Most of these are currently situated in what is known as the European Quarter of Brussels - but only two of them – the main Berlaymont building and the Charlemagne building – are larger than 50,000m².
The commission must use its office space more efficiently and adjust better to financial constraints and long-term planning, commissioner Siim Kallas, in charge of administrative affairs, said when presenting the project on Wednesday (5 September).
The practical result is that future buildings will be higher than the current imposing multi-storey EU buildings that house commissioners and all their staff and officials.
Under the new plan, the Commission will occupy some 400,000m² in office space in the perimeter of the European District, while around 180,000m² will be spared for housing, shops and equipment. This would mean both rebuilding most of the area and using some of the existing facilities.
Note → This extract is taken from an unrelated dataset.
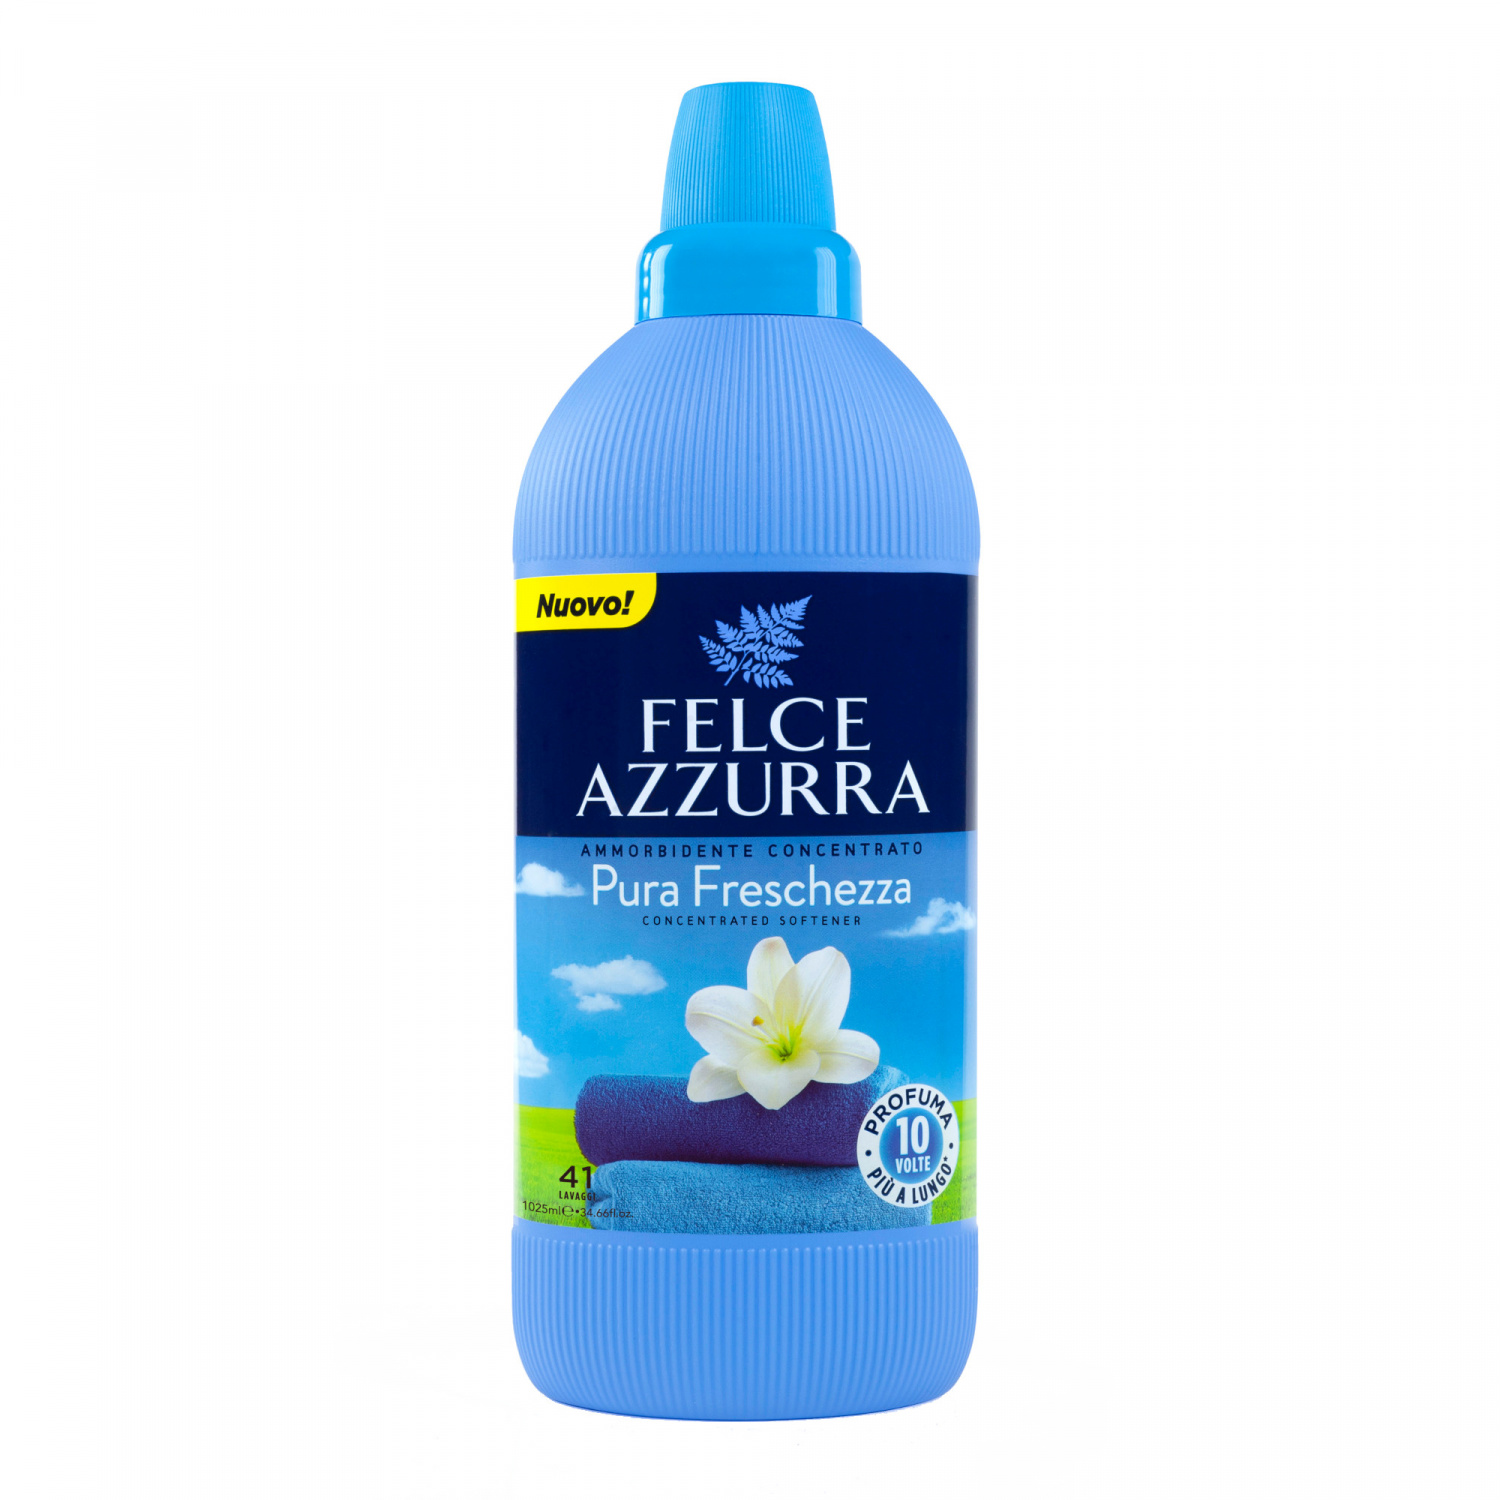 Felce Azzurra Concentrated Softener Pure Freshness 1025ml - интернет-магазин профессиональной косметики Spadream, изображение 37783

Commission buildings will also be decentralised in a maximum of three other areas in Brussels in order to avoid a "ghetto effect" in the European Quarter, said Charles Picque, minister-president of the Brussels-Capital region when co-presenting the project.
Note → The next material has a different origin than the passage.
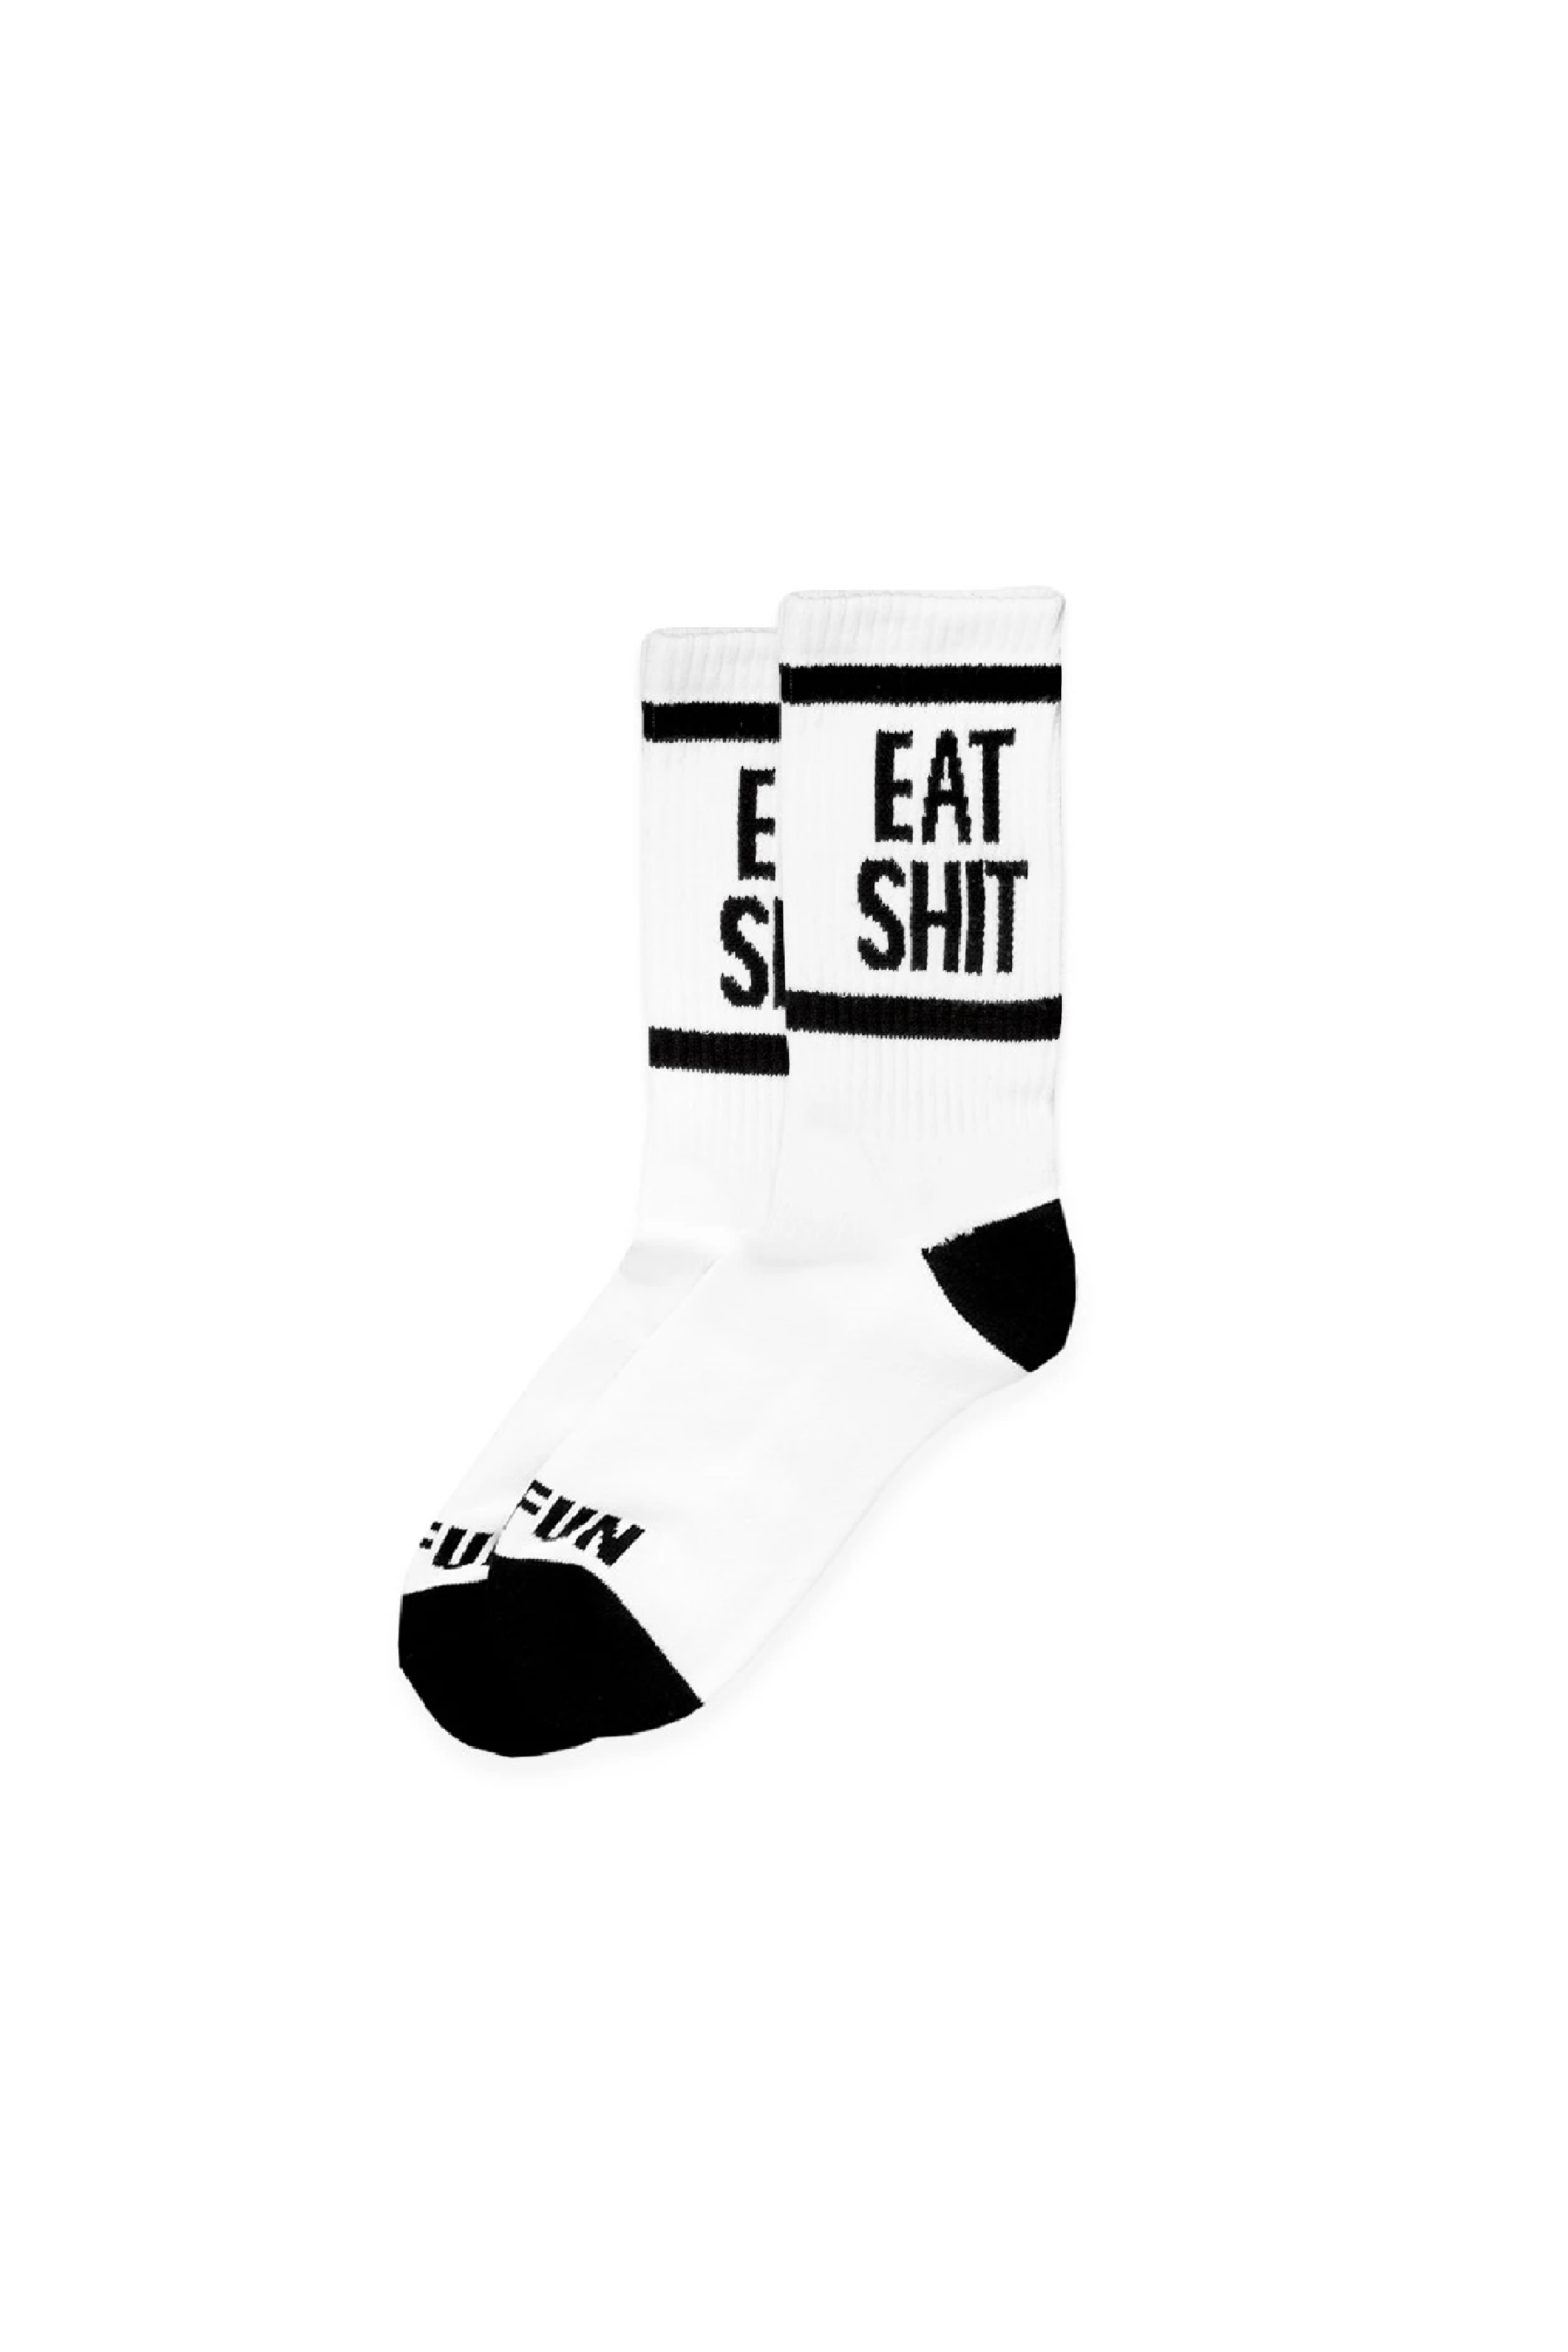 Eat Shit Socks

Asked whether the plan would mean building new skyscraper types of buildings in Brussels, Mr Picque excluded this possibility. The new buildings would be "higher than now", but "far from [being] skyscrapers", he said.
In order to complete the project, the European Commission will launch an international architectural planning competition which it hopes to finalise by the end of 2009.
Officials were reluctant say how much the whole project would cost, pointing out only that the expenditures would remain within the limits of the 2007-2013 EU budget.
In 2007, the European commission's budget for buildings expenditure is €207.49 million.